GIVEN our increasing awareness of the role of fossil fuel companies in our climate emergency, is it not time for MP, Kevin Hollinrake to abandon his pro-fracking stance?

Or does the fossil fuel companies’ duty to maximise profits for the benefit of shareholders, a pill bountifully sugared by loudly protesting their green credentials, trump all other considerations for our MP?

For more than 50 years these companies have knowingly been responsible for more than a third of greenhouse gas emissions. This week the head of Angus Energy has loudly proclaimed his green convictions and practices, ostensibly taking on board some of the arguments against fracking, and gradually abandoning oil whilst pushing for sizeable profits from the exploitation of gas in Lincolnshire. His justification? The demand is there.

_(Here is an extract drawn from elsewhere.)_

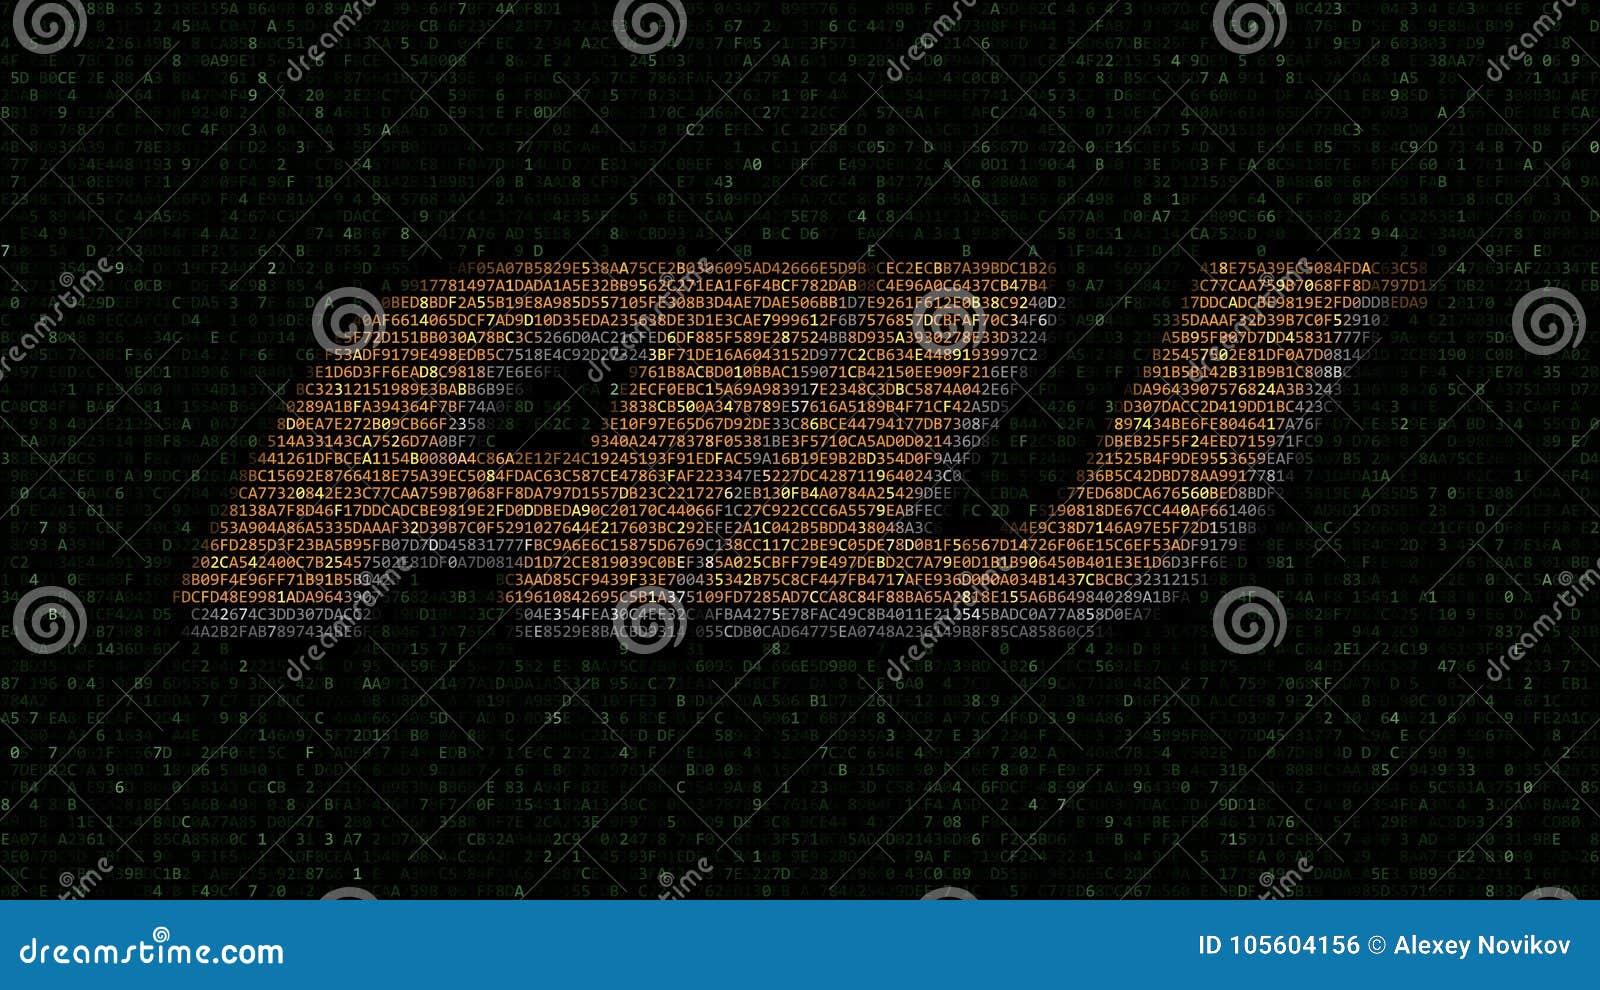 Au Mobile Phone Company Logo Made Of Hexadecimal Symbols On Computer
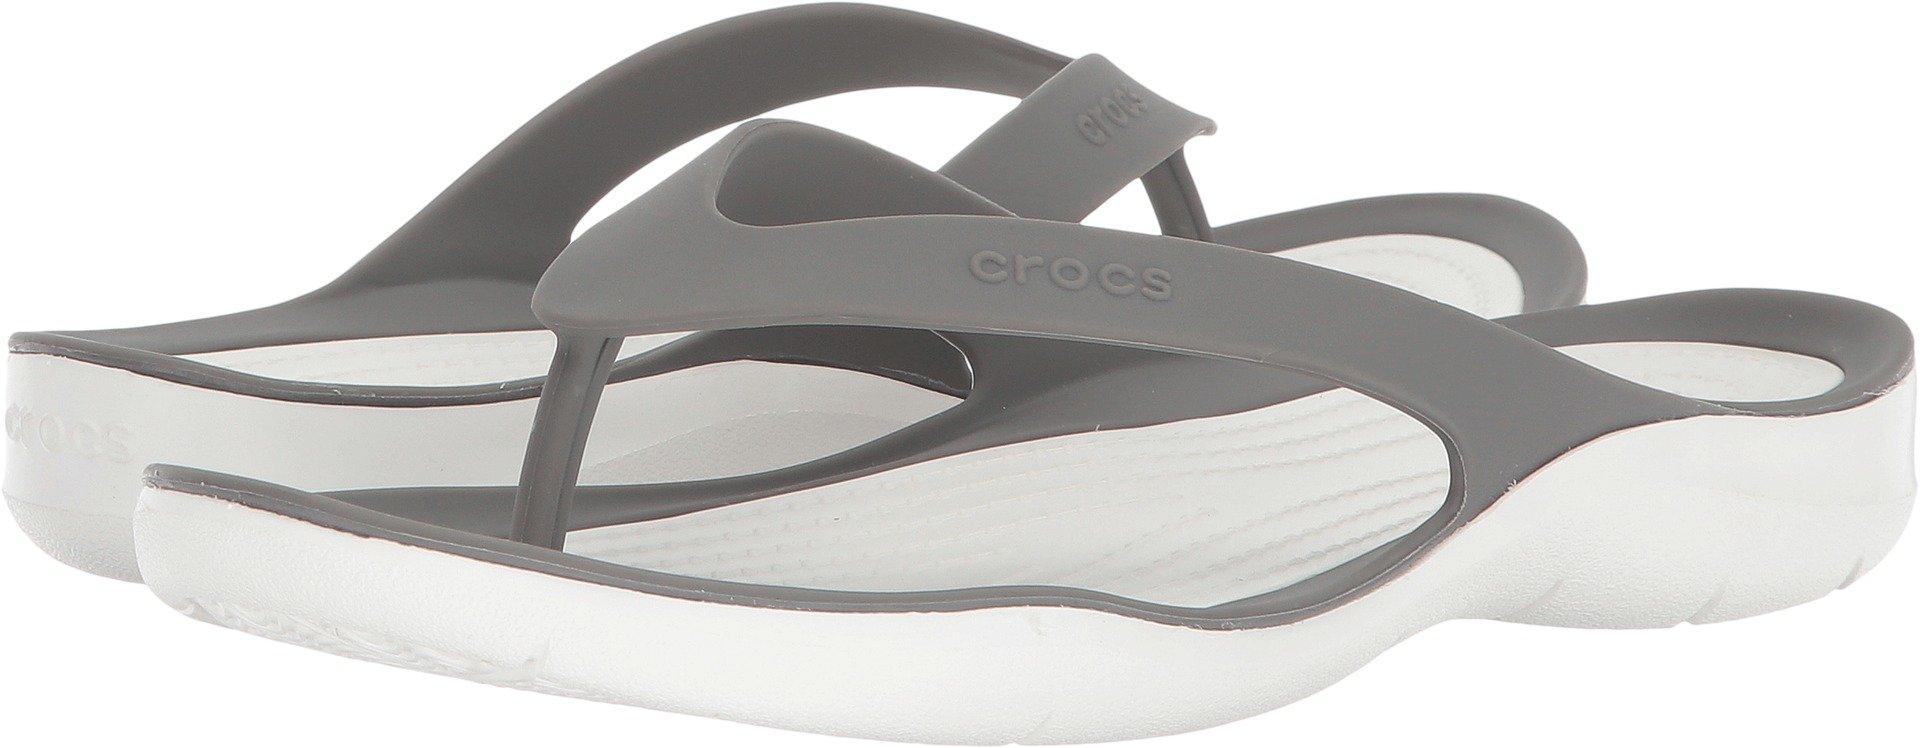 a23a844b82edf Crocs Women s Swiftwater Flip-Flop

At the same time, so the Rystad Energy consultancy tells us, the oil companies, not disputing the gravity of the emergency, “believe....philosophically (sic)...that it is not for energy companies to curtail the use of energy”, (Shell), maintaining (Total) that they are not responsible for how their products were used by consumers.

To accuse these companies of mere cognitive dissonance would be to let them off the hook. It is more sinister than that. This is hardly the 45 per cent reduction in emissions scientists call for by 2030 to avoid catastrophic consequences.

Safe and secure energy, Mr Hollinrake? I wonder.